Кленк и бровью не повел, продолжал спокойно сидеть, терпеливо ожидая, нет ли у Гейера к нему других дел. И адвокат Гейер, крепко сжимая тонкими пальцами палку, чтобы как-то унять дрожь в руках, не очень уверенным голосом неожиданно спросил, имеет ли какие-либо шансы на успех прошение о помиловании доктора Крюгера, если таковое будет подано. Кленк, помолчав, вежливо ответил, что он уже и сам об этом подумывал, но оппозиционная пресса чрезвычайно затруднила ему, Кленку, возможность вмешаться в это дело, ибо теперь оно столь раздуто, что без санкции всего кабинета министров он, Кленк, не рискует что-либо предпринимать. Костлявый, гигантского роста человек с хитро улыбающимися карими глазами на удлиненном, обветренном лице с благодушной издевкой глядел на тщедушного изможденного адвоката, у которого от еле сдерживаемого гнева на щеках выступили красные пятна.

Служитель подал аппетитные ливерные сосиски и бутылку шерри. Министр юстиции сказал, что ему как должностному лицу нечего больше сообщить господину депутату, но он не прочь дружески побеседовать с ним. С позволения доктора Гейера, он переоденется. В этой черной хламиде он чувствует себя неуютно. И, сняв сюртук, надел свою любимую грубошерстную куртку. Затем, вновь предложив адвокату отведать сосисок, налил себе стакан ароматного, золотистого вина, неторопливо набил трубку. Так вот, он читал превосходную статью доктора Гейера в "Монатсхефте". В подобного рода абстрактных рассуждениях и теоретизировании мало проку. Тем не менее на охоте, сидя в засаде, или по утрам, принимая ванну, да и во время длительных поездок на автомобиле он иногда ради спортивного интереса пытается глубже осмыслить вопросы, которые интуитивно уже решил так, как подсказывала ему совесть. Он высасывал мякоть из кожуры сосисок, вытирал жирные губы, маленькими глотками с наслаждением попивал вино. Если говорить начистоту, то у него создается впечатление, что некоторыми своими едкими формулировками общего характера доктор Гейер метит в него, Кленка. Но он зря старается. Его, Кленка, это мало трогает. Надо признать, что в его положении, да еще живя в этой особой части планеты, совсем непросто принять единственно верное решение: Бавария или всегерманский союз, государство или право, гарантия безопасности или справедливость. Можно даже сказать: сколько слов - столько проблем. Но для того, чтобы разобраться в этих проблемах, ему нет даже нужды искать опоры в католической философии права, которая в наш век политики насилия одна имеет смелость не всегда подчиняться жестокой логике фактов.

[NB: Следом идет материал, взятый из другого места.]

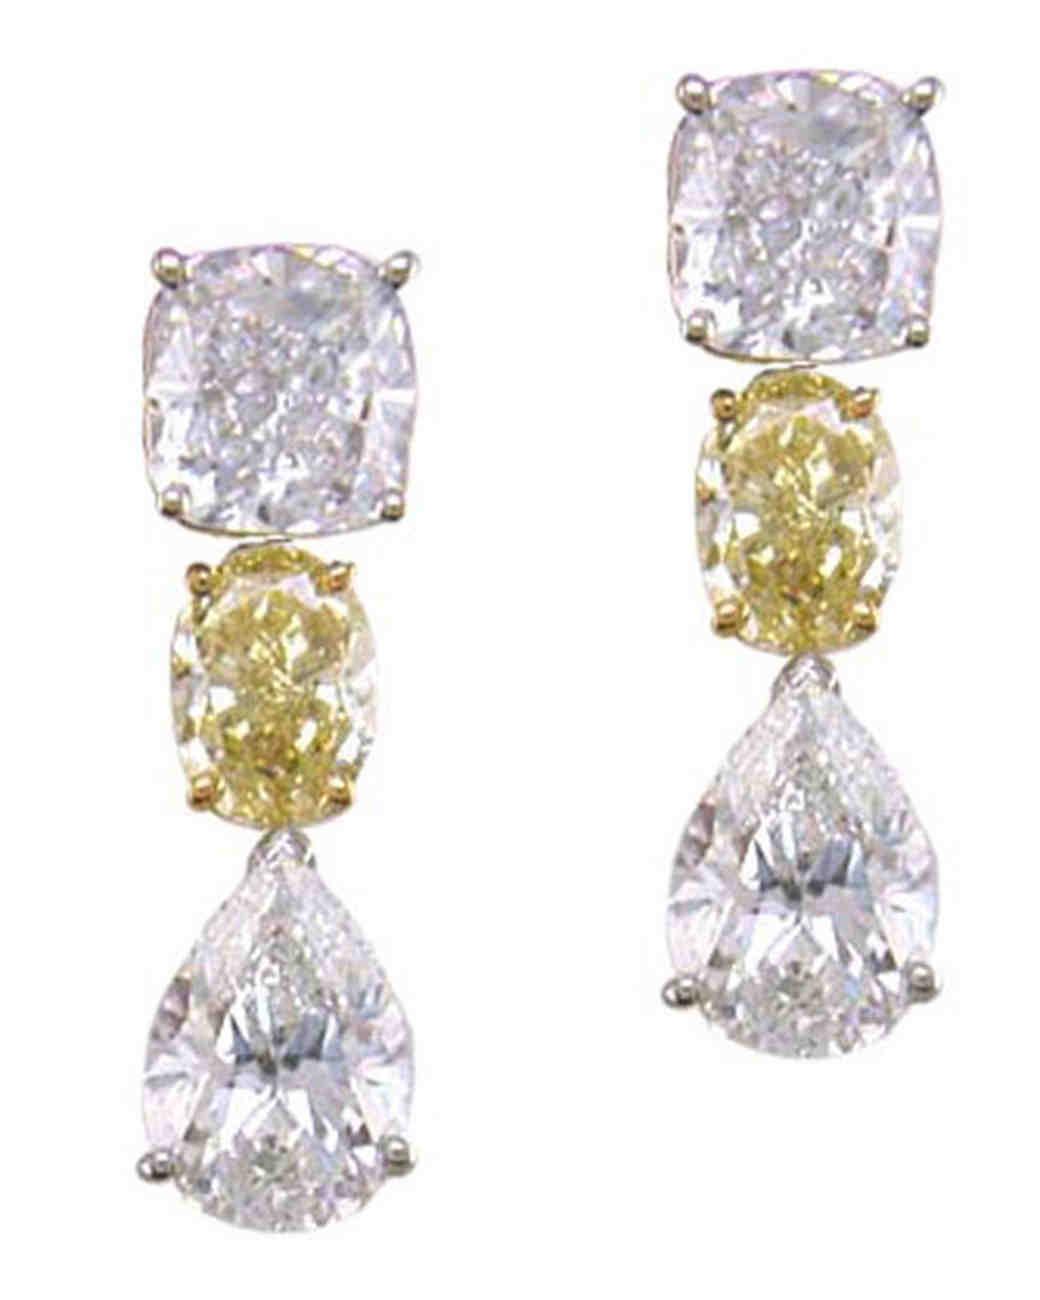 heyman_ohb_705764_gold_plat_fcy_dia_earrings.jpg

Доктор Гейер разволновался, шумно дышал, был не в силах усидеть на стуле. Он встал и, опираясь на палку, заковылял по комнате, пока наконец даже не прислонился, а буквально приклеился к стене в какой-то неестественной позе. Министр Кленк, не переставая есть и пить, продолжал небрежно и невозмутимо излагать свои воззрения. Он, Кленк, с уверенностью естествоиспытателя может сказать: то, что он делает, полезно для его Баварии. Это нужно и полезно стране так же, как ей нужны и полезны ее леса и горы, ее люди и электростанции, ее кожаные штаны и картинные галереи, ее карнавалы и ее пиво. Это истинно баварское, достойное ее правосудие. Между правом и этикой, утверждал известный северогерманский философ по имени Иммануил Кант, нет ни малейшей связи. А вот он, Отто Кленк из Мюнхена, убежден, что право и почва, право и климат, право и народ составляют двуединое и нераздельное целое. Не исключено, - он говорит это конфиденциально, как частное лицо, а не как государственный чиновник, - что доктор Крюгер и не давал ложной клятвы. Вообще сам он по многим причинам считает защиту истинности присяги сомнительным занятием и вполне сочувствует доктору Крюгеру. С точки зрения строгого правопорядка, вероятно, было бы правильнее, если б он, Кленк, самолично пришел к обвиняемому и сказал: "Ты, Мартин Крюгер, вреден для страны Баварии, и, к сожалению, я должен тебя расстрелять". При нынешних обстоятельствах он, Кленк, твердо убежден, что его баварское правосудие - лучшее из всех мыслимых в этой стране. Он берет на себя полную ответственность. Правосудие - основа государства. Но как раз поэтому правосудие каждого отдельного государства должно быть из того же самого материала, что и оно само. Он, Кленк, с чистой совестью и абсолютной убежденностью представляет юстицию своей страны. И в то время, как доктор Гейер еще сильнее подался назад, чуть не вдавившись в стену, министр закончил свою тираду словами: господин депутат может не волноваться. Он, Кленк, спит спокойно, хотя доктор Крюгер и часовых дел мастер Трибшенер томятся за тюремными стенами.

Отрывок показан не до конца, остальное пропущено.